My kiddo and I have had a lot of fun over the years poking around the OY at 
Chama, whence my email address.

Charles Weston

--- On Tue, 12/21/10, JGG KahnSr <[email protected]> wrote:

From: JGG KahnSr <[email protected]>
Subject: RE: {S-Scale List} snow plow
To: [email protected]
Date: Tuesday, December 21, 2010, 2:46 PM







 



  


    
      
      
      

Rotary plows were a lot more expensive than wedge plows, both to buy and to 
maintain (there was an entire steam engine in there--

most, like wreck cranes, were later dieselized), and the traffic on a route had 
to justify the investment.  Many branchlines had to make

do with just a wedge plow, and in the midwest that often was a homemade job 
(like the Sunshine kit or the Larsen project based on a

MILW prototype) rather than a Russell-type.

In mountainous territory I've read about crews actually dynamiting jams before 
they could attack them with the rotary (which works better on powder snow than 
the iced and impacted kind.  Rotaries worked better in deep cuts where a wedge 
plow had no place to move the snow as it progressed.  In the old days often 
three or four (or presumably more) steam locomotives would push on the plow, 
and often one of the was coupled tender-first to pull the entire train in 
reverse between pushes.  And usually a snow train had a hopper or gondola full 
of coal to replenish tenders as they used up their loads--or, even worse, got 
stuck and needed to keep up steam to prevent freezing the boiler and piping.

Not all plows had a coupler on the front (and those that did took a lot of 
abuse in service), but having one did facilitate moving them in a train or 
removing them from storage on the MOW track when winter threatened.  The 
casting in the Ambroid kit seems to be a kind of pewter, sturdier than the 
usual white-metal, and both it and the headlight are specialty items; one can 
(and I have in other applications) fabricate one out of brass or styrene 
channel or rectangular tubing and bevel the mating surfaces to the plow.  It 
won't be quite as fancy as

the original casting but will do the job.



Jace Kahn



General Manager 

Ceres & Canisteo RR Co./Champlain County Traction Co.

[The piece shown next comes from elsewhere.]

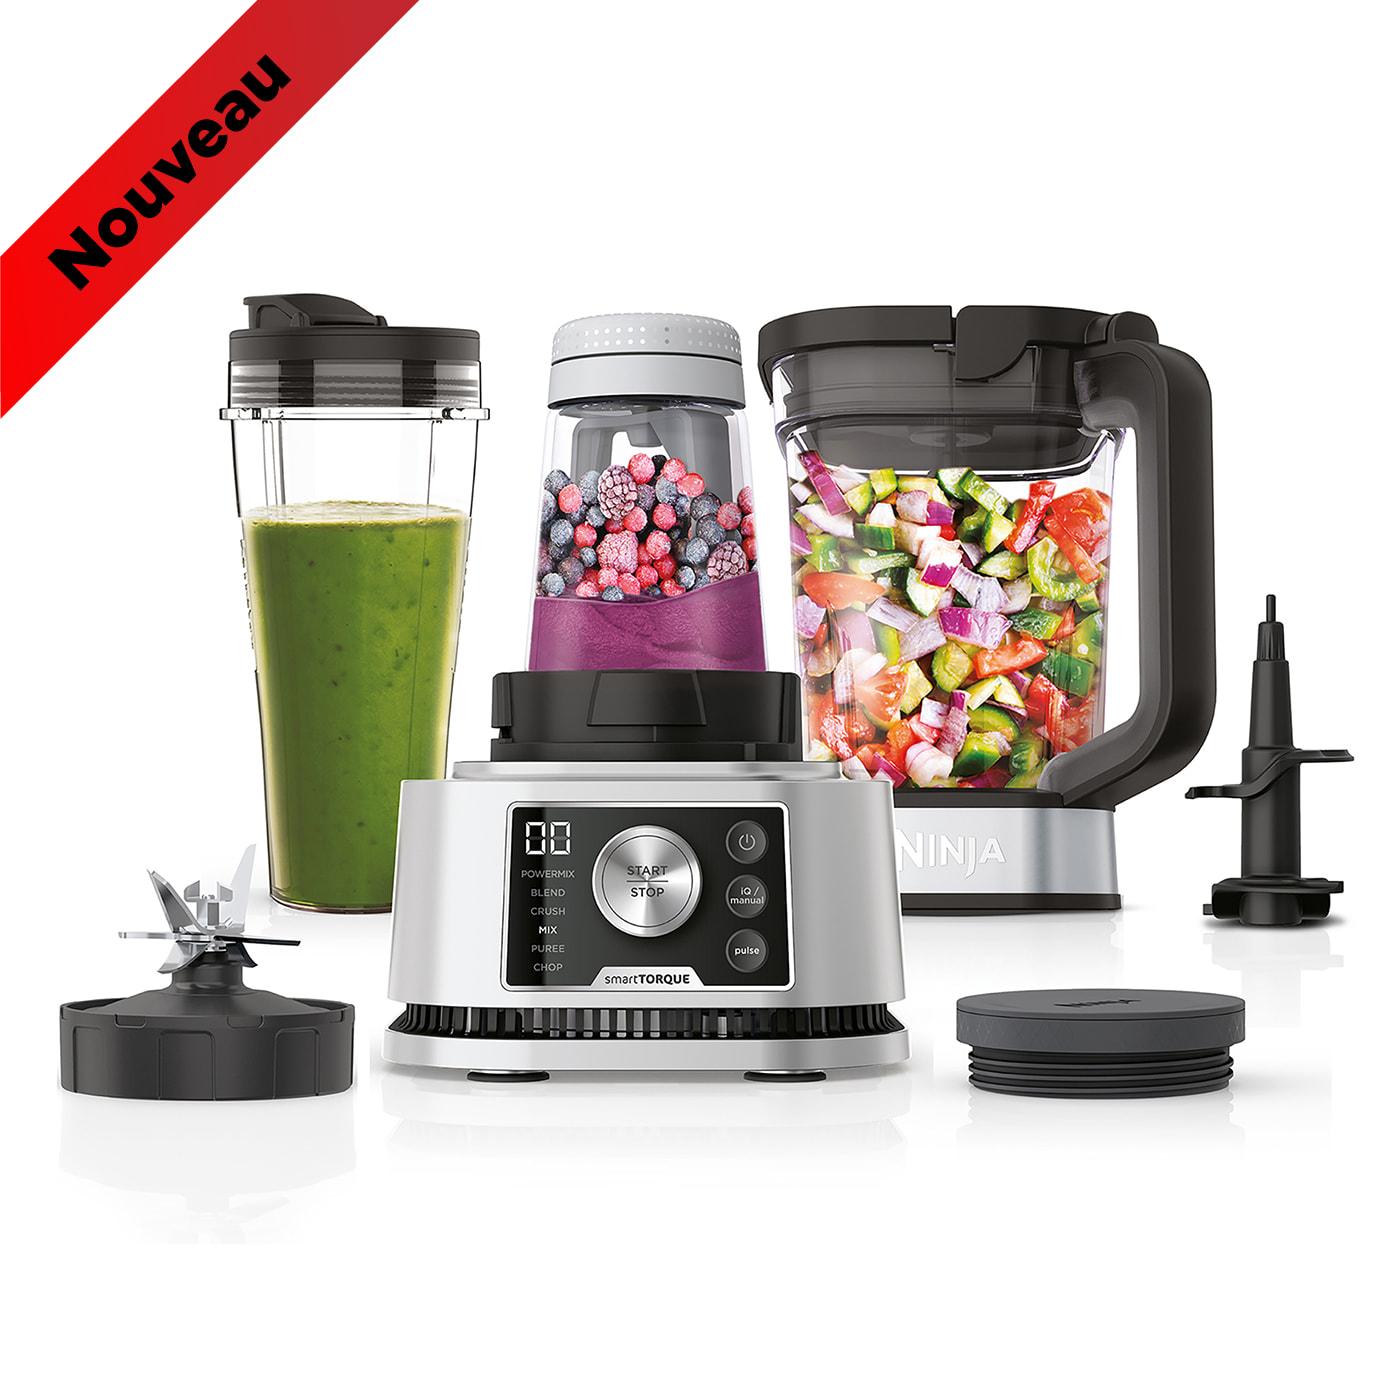 Blender 3 en 1 Ninja Foodi Power Nutri avec technologies Smart Torque & Auto-iQ 1200W - CB350EU photo du produit
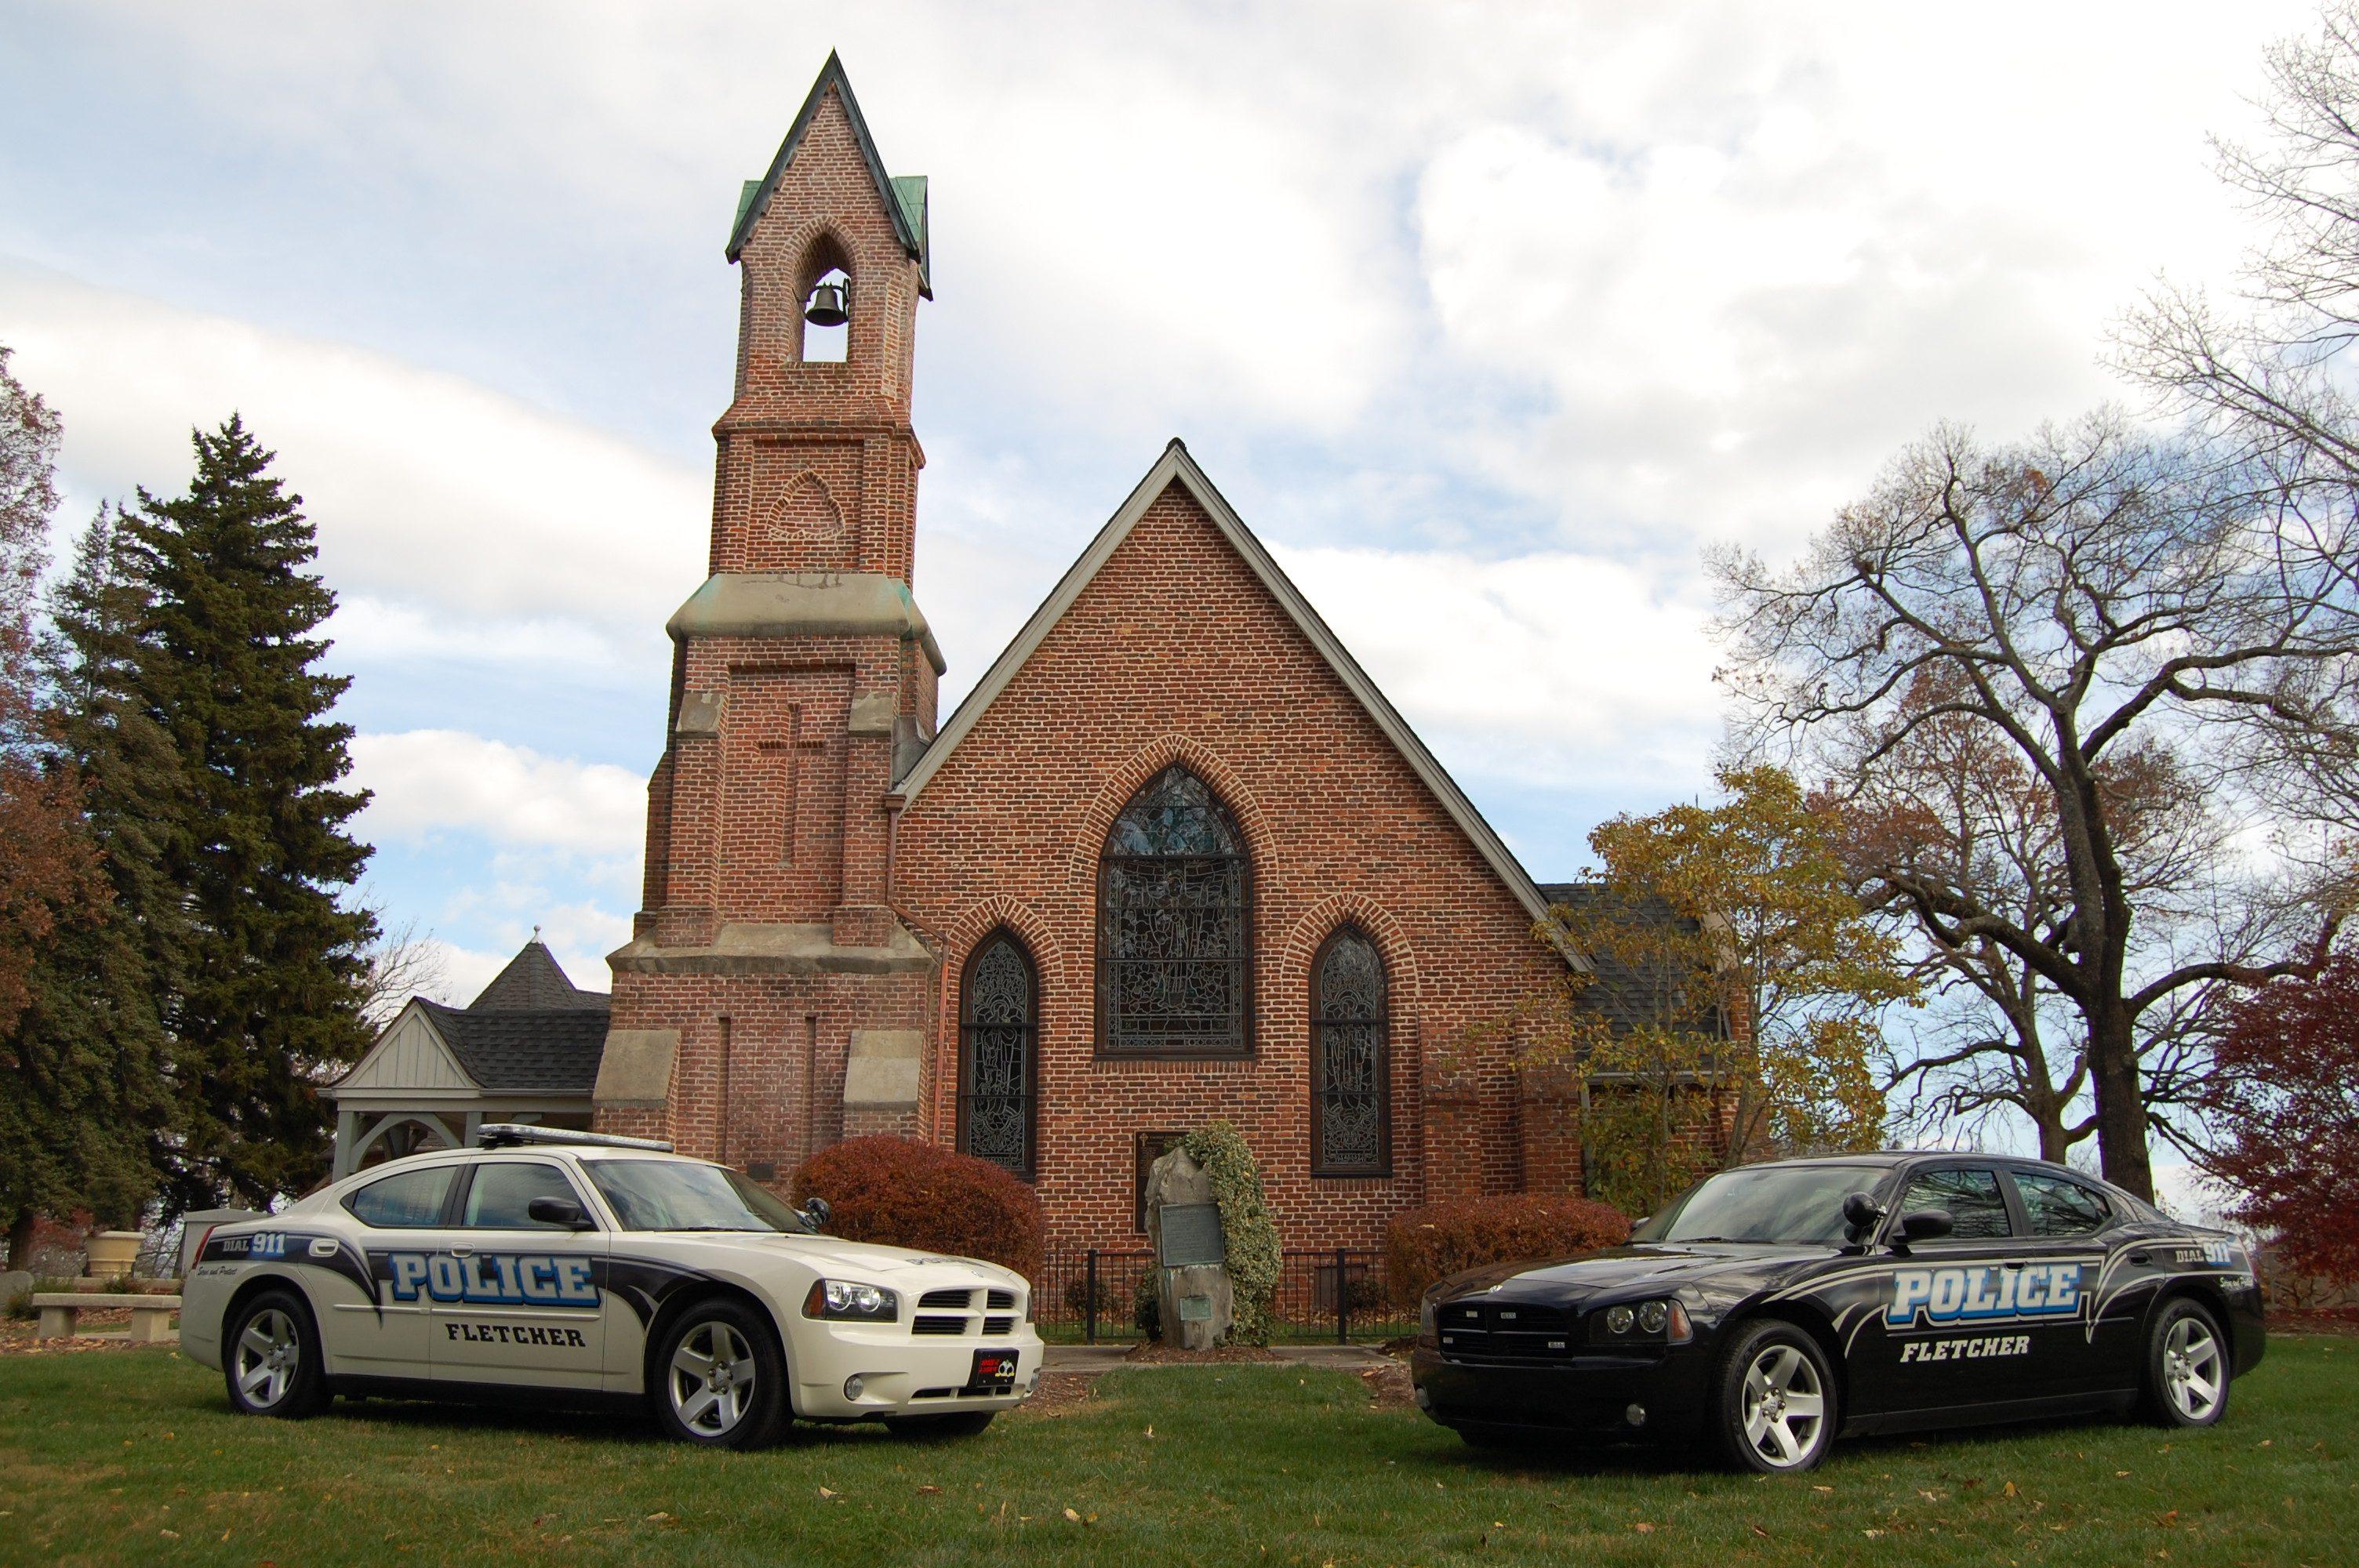 Fletcher Patrol Cars 2010

> On 12/21/10 1:56 PM, dhultay wrote:

> >

> > I have an Abroid snow plow kit missing front white metal casting 

> > coupler draft-gear box. Does any body have a source for one, or a 

> > decent substitute?

> > Dennis H. Bloomfield NJ

> >

> > 

> >

> Mine doesn't have one either.  I'm wondering if the prototypes all had 

> them or perhaps they were removed when the crews readied them for winter 

> use.

> 

> Several years go I purchased a VHS video of snowplows pushing snow in 

> Canada.  Pretty interesting overall, but the last segment (as I recall) 

> shows one that derails and goes aerial.  Not exactly 'Americas funnest 

> home video's' but pretty impressive.

> 

> I often wondered why some railroads preferred plows vs the rotary 

> style.  In mountain conditions when there was the possibility of rocks 

> and tree branches being mixed in with the snow the rotaries' blades 

> would be damaged immediately, so they had to stick with plows.  I know 

> on many branch-lines the plows were almost useless if the track required 

> slow speeds--the plow trains just bogged down in the slow running.  I 

> guess both styles are getting a workout in the mid-west and Eastern 

> states.  I wouldn't know as it's nearly 80 today.